Importing yout data

To import your data you should use pandas. It is also possible to load one of the classics geostatistical datasets, such as Walker Lake and Jura, form our datasets module.

pandas

pandas is a Python package providing fast, flexible, and expressive data structures designed to make working with “relational” or “labeled” data both easy and intuitive. It aims to be the fundamental high-level building block for doing practical, real world data analysis in Python.

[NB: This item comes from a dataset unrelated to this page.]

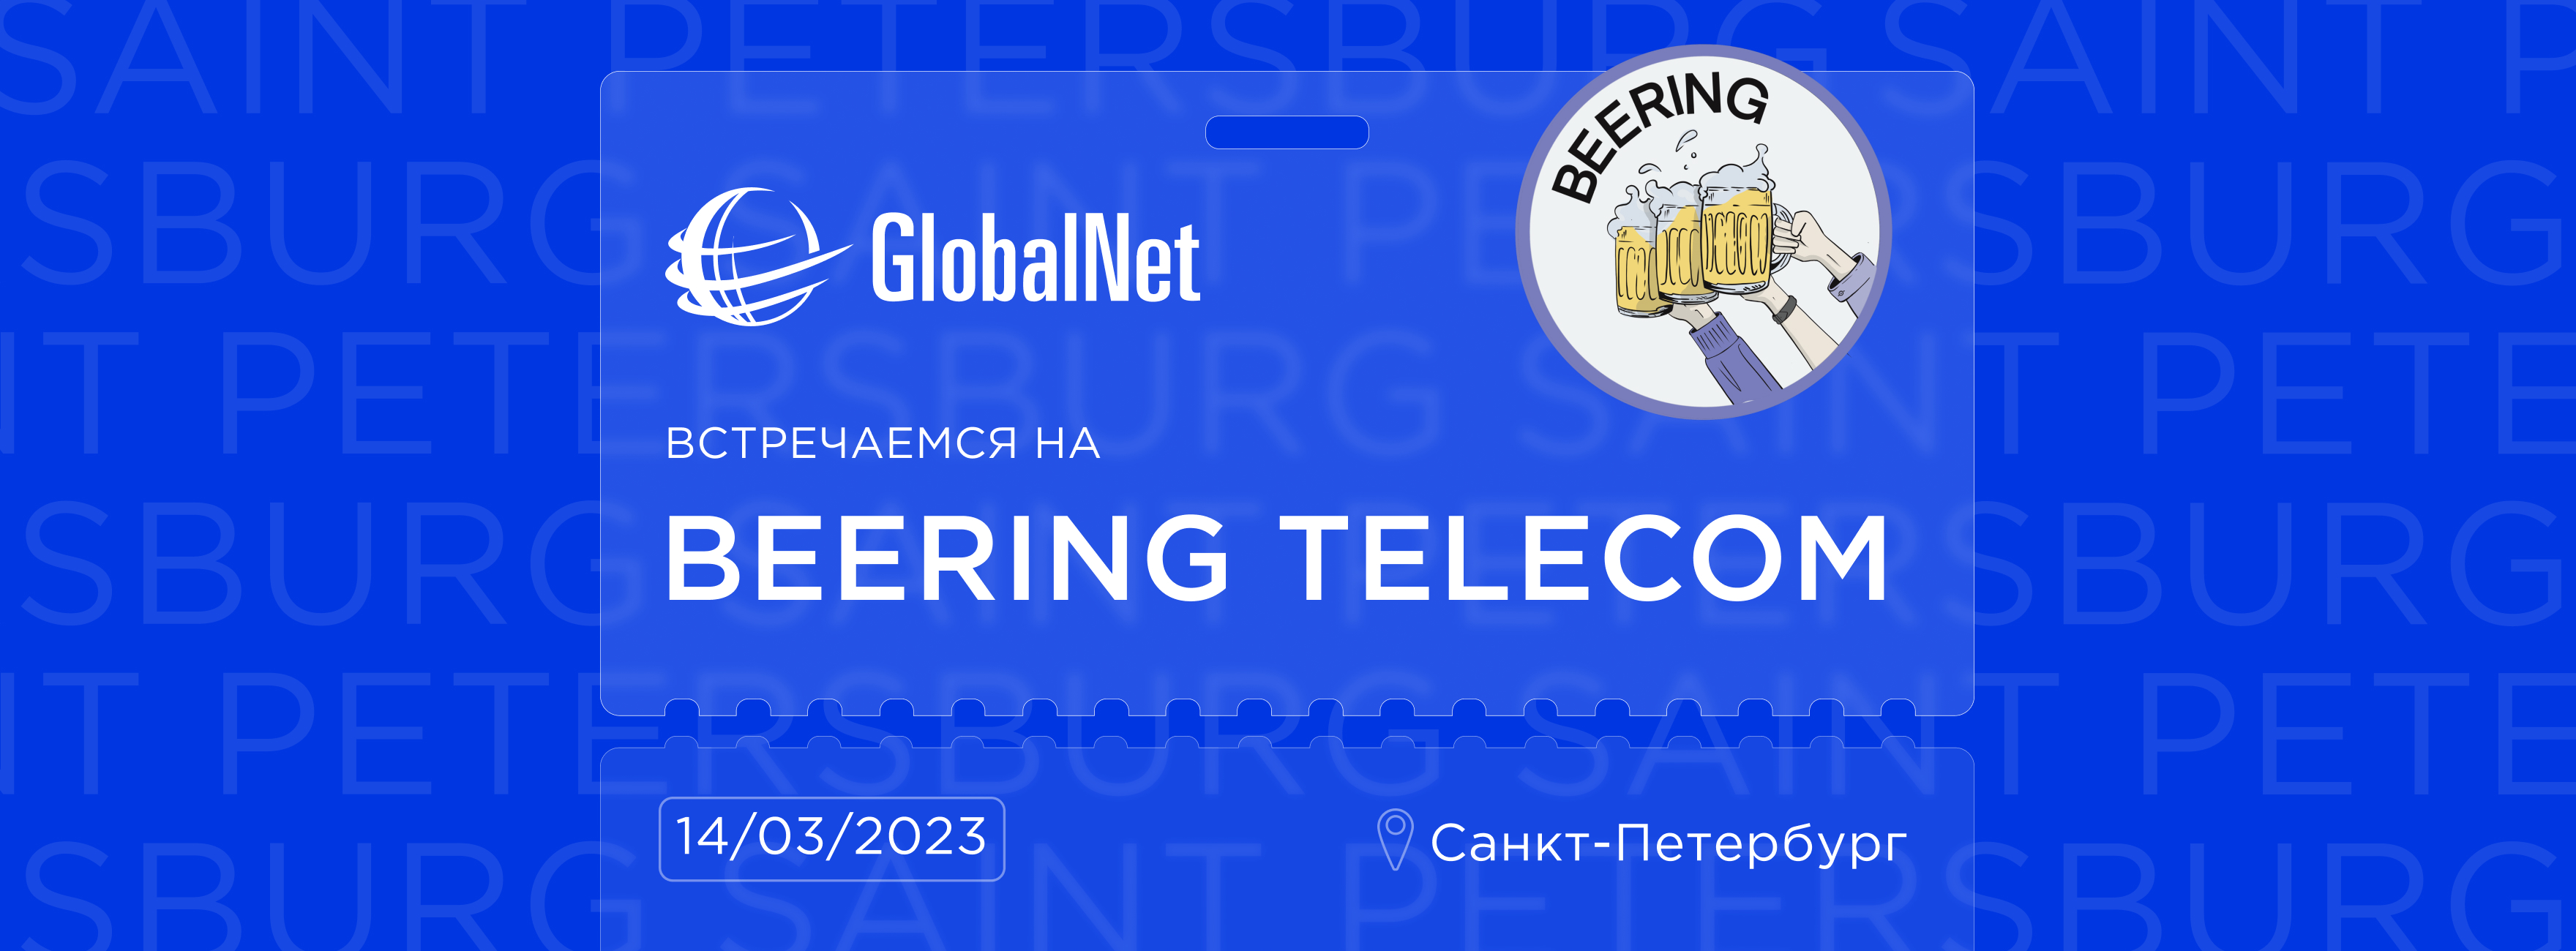 GlobalNet/DATAIX на Beering Telecom

The two primary data structures of pandas, Series (1-dimensional) and DataFrame (2-dimensional), handle the vast majority of typical use cases in finance, statistics, social science, and many areas of engineering. Pandas is built on top of NumPy and is intended to integrate well within a scientific computing environment with many other 3rd party libraries.

To import Pandas:

[1]:
import pandas as pd

For additional information on Pandas, see the documentation

Getting Data In/Out

Pandas is packed with a set of IO functions that returns a pandas object. Reader functions are accessed like pd.read_fileformat() while writer functions are accessed like DataFrame.to_fileformat().

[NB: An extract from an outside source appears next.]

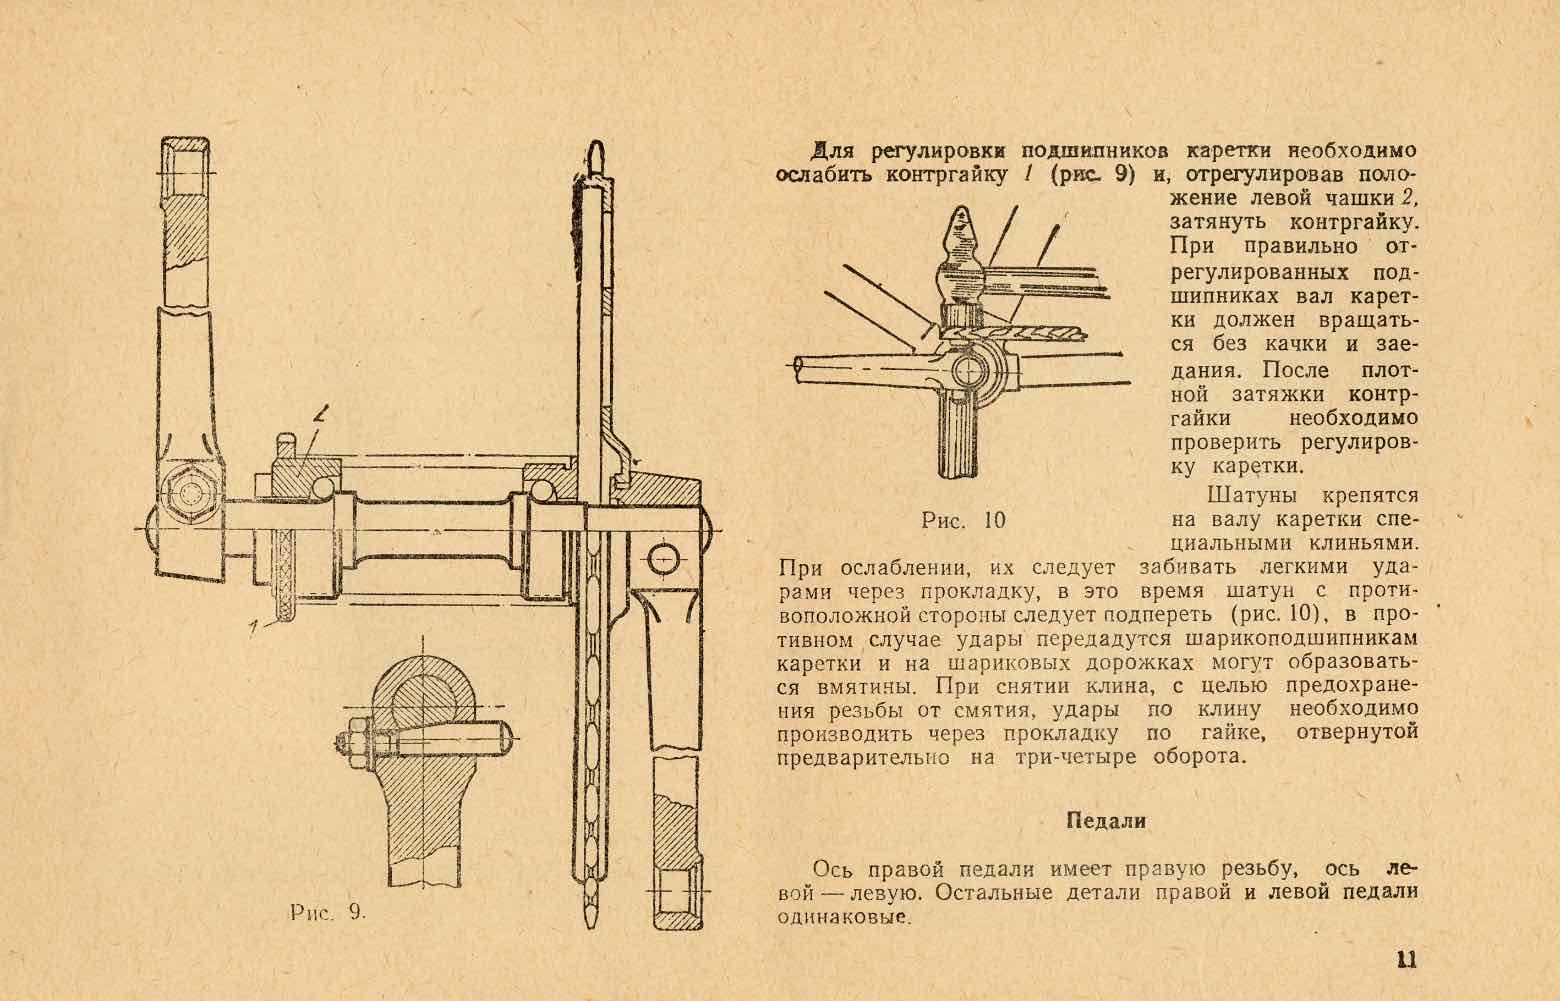 Kharkov - instructions for B130K & B134 - page 11 main image

Format Type Data Description Reader Writer
text CSV read_csv to_csv
text JSON read_json to_json
text HTML read_html to_html
text Local clipboard read_clipboard to_clipboard
binary MS Excel read_excel to_excel
binary HDF5 Format read_hdf to_hdf
binary Feather Format read_feather to_feather
binary Parquet Format read_parquet to_parquet
binary Msgpack read_msgpack to_msgpack
binary Stata read_stata to_stata
binary SAS read_sas  
binary Python Pickle Format read_pickle to_pickle
SQL SQL read_sql to_sql
SQL Google Big Query read_gbq to_gbq

Importing a .csv dataset:

[2]:
path = "data/"
file = "walker.csv"

data = pd.read_csv(path + file, sep=",", na_values=-999)

Viewing Data

df.head(n) shows the first n rows (if nothing is passed n=5) of the DataFrame while df.tails(n) shows the last n lines.

[3]:
data.head()
[3]:
Id X Y V U T
0 1.0 11.0 8.0 0.0 NaN 2.0
1 2.0 8.0 30.0 0.0 NaN 2.0
2 3.0 9.0 48.0 224.4 NaN 2.0
3 4.0 8.0 69.0 434.4 NaN 2.0
4 5.0 9.0 90.0 412.1 NaN 2.0

Filtering

Accesing variables collumns:

[4]:
data[["U", "V"]].head()
[4]:
U V
0 NaN 0.0
1 NaN 0.0
2 NaN 224.4
3 NaN 434.4
4 NaN 412.1

Accessing DataFrame where variable V is bigger than 640:

[5]:
df_filter = data['V'] > 640

data[df_filter].head()
[5]:
Id X Y V U T
18 19.0 31.0 68.0 895.2 NaN 2.0
19 20.0 28.0 88.0 702.6 NaN 2.0
30 31.0 49.0 11.0 653.3 NaN 2.0
34 35.0 50.0 88.0 820.8 NaN 2.0
37 38.0 49.0 151.0 773.3 NaN 2.0

Accessing DataFrame where variable T is equal to 1:

[6]:
df_filter = data["T"] == 1

data[df_filter].head()
[6]:
Id X Y V U T
11 12.0 10.0 231.0 82.1 NaN 1.0
12 13.0 11.0 250.0 81.1 NaN 1.0
44 45.0 51.0 290.0 159.6 NaN 1.0
55 56.0 69.0 208.0 97.4 NaN 1.0
56 57.0 69.0 229.0 0.0 NaN 1.0

describe() shows a quick statistic summary of your data:

[7]:
data[["U", "V"]].describe()
[7]:
U V
count 275.000000 470.000000
mean 604.081091 435.298723
std 767.405620 299.882302
min 0.000000 0.000000
25% 82.150000 184.600000
50% 319.300000 424.000000
75% 844.550000 640.850000
max 5190.100000 1528.100000

corr() shows the correlation matrix:

[8]:
data[["U", "V"]].corr()
[8]:
U V
U 1.000000 0.551482
V 0.551482 1.000000

Selection

Selecting a single column, which yields a Series:

[9]:
V_variable = data.V

#which is the same as:
V_variable = data["V"]
[10]:
type(V_variable)
[10]:
pandas.core.series.Series

To select values:

df.at can only access a single value at a time.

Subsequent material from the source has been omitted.